Diener Lenz Verena · Ständerat · Zürich · Fraktion CVP/EVP/glp · 2010-09-28

Wortprotokoll

Es freut mich, Herr Büttiker, wenn Sie heute von "unseren" Entscheiden sprechen! Wie ich mich an Ihre Voten von gestern erinnere, gab es doch eine ganz grosse Skepsis von Ihrer Seite, gerade auch bezüglich der Mehrwertabschöpfung. Wir haben gestern eine sehr hochstehende Debatte geführt und haben Entscheide gefällt, über die ich mich sehr gefreut habe. Ich habe aber in den bilateralen Gesprächen, die ich anschliessend geführt habe, immer noch eine grosse Skepsis gegenüber dieser Mehrwertabschöpfung verspürt und habe auch verschiedentlich gehört, dass der Nationalrat hier die Möglichkeit habe, nochmals Korrekturen vorzunehmen. Das heisst, dass die Entscheide, die gestern von uns gefällt wurden und die ich wirklich sehr begrüsse, noch auf recht wackligen Beinen stehen.

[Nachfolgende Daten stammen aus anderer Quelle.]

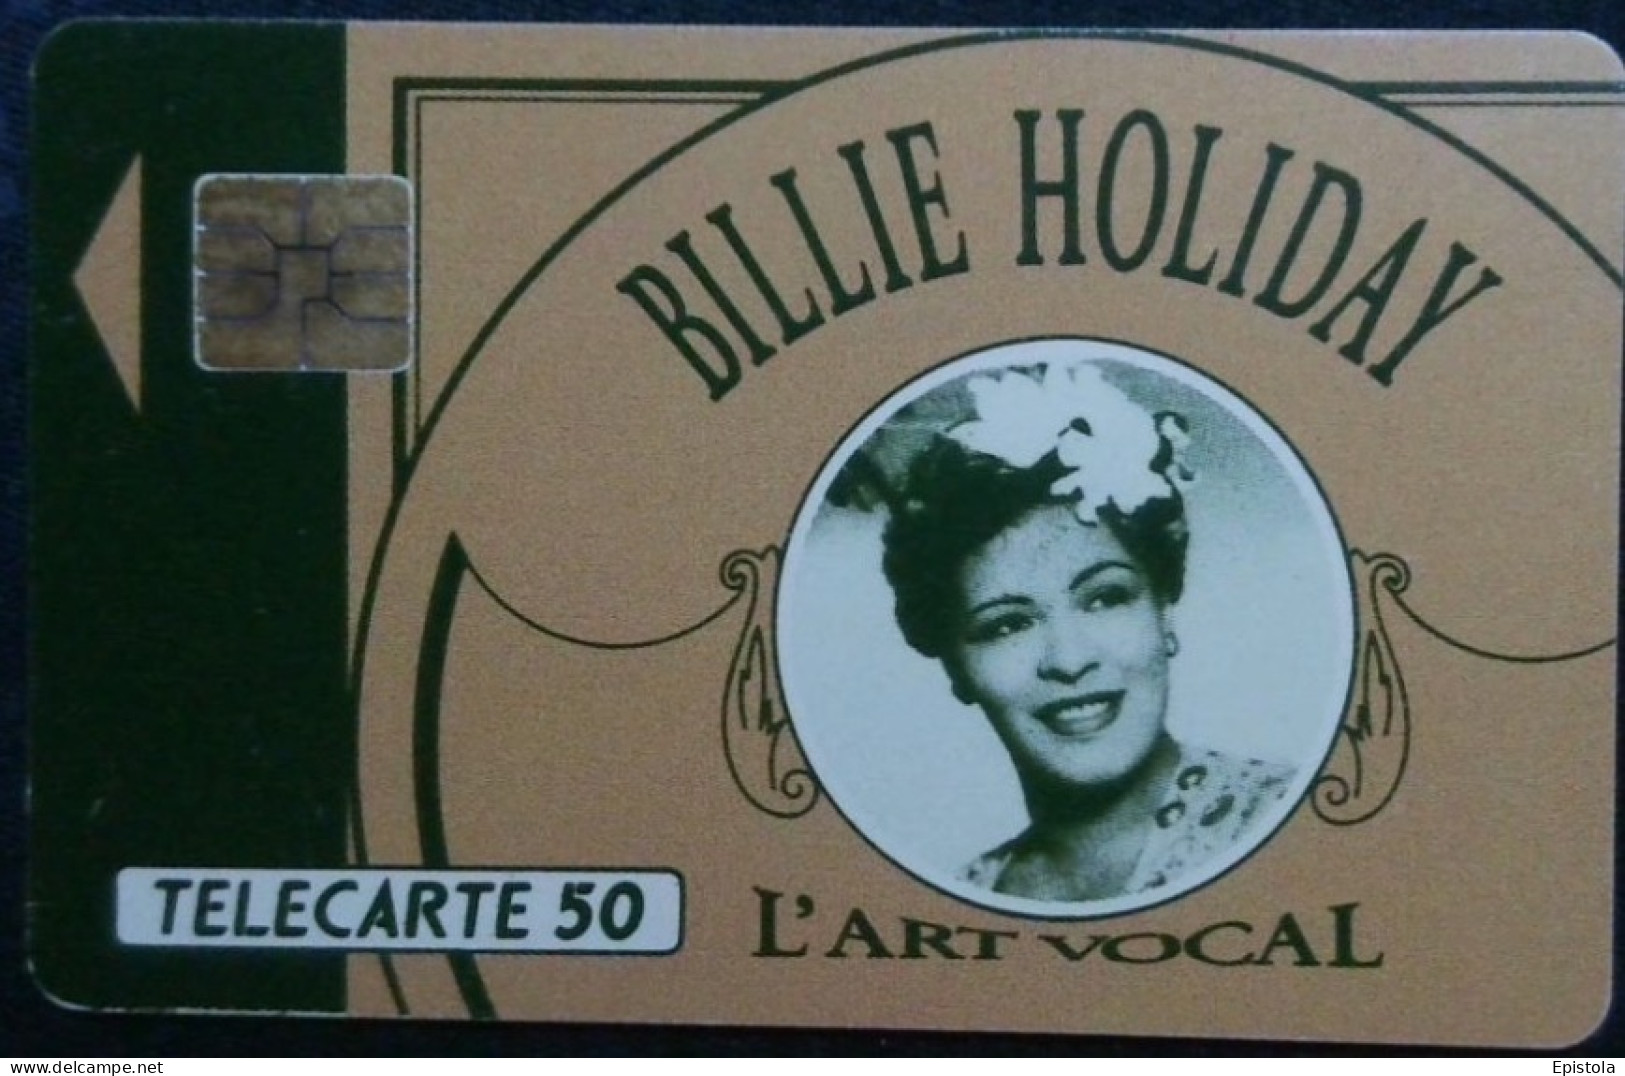 ► France:  BILLIE HOLIDAY  (1915-1959)   Collection  JAZZ  ART VOCAL - Musique

Ich persönlich gehöre in der Frage, ob diese Forderung der Minderheit eingefügt werden soll, zur Mehrheit. Meiner Meinung nach hat der Nationalrat nun die Gelegenheit, zuerst einmal aufzuzeigen, dass er unsere Forderungen inhaltlich mitträgt, allenfalls mit kleinen Modifikationen - wir waren ja gestern bei gewissen Punkten auch nicht so ganz sicher, ob unsere Version formaljuristisch überall bis ins letzte Detail ausgeklügelt ist. Dann, am Schluss, wenn der Nationalrat unseren Inhalt bestätigt hat, kann er das einfügen.

Ich bin davon überzeugt, dass wir das Gespräch mit den Initiantinnen und Initianten der Volksinitiative finden werden; das sind dialogfähige Menschen - vielleicht ein bisschen im Gegensatz zu den Initianten der Abzocker-Initiative. Aber wenn wir diese Forderung jetzt schon vorwegnehmen, fügen wir etwas ein, das der Nationalrat dann so belassen könnte. So stünde er viel weniger unter Druck, die Rechtfertigung für diese Forderung auch selber inhaltlich zu bestätigen. Darum finde ich es eigentlich klug, das jetzt nicht einzufügen. Das soll der Nationalrat am Schluss seines Werkes einsetzen können.

Diese Überlegungen haben wir in der Kommission angestellt, und eine Mehrheit ist der Meinung, dass wir heute diesen Zusatz gemäss Minderheit Lombardi nicht einfügen sollten.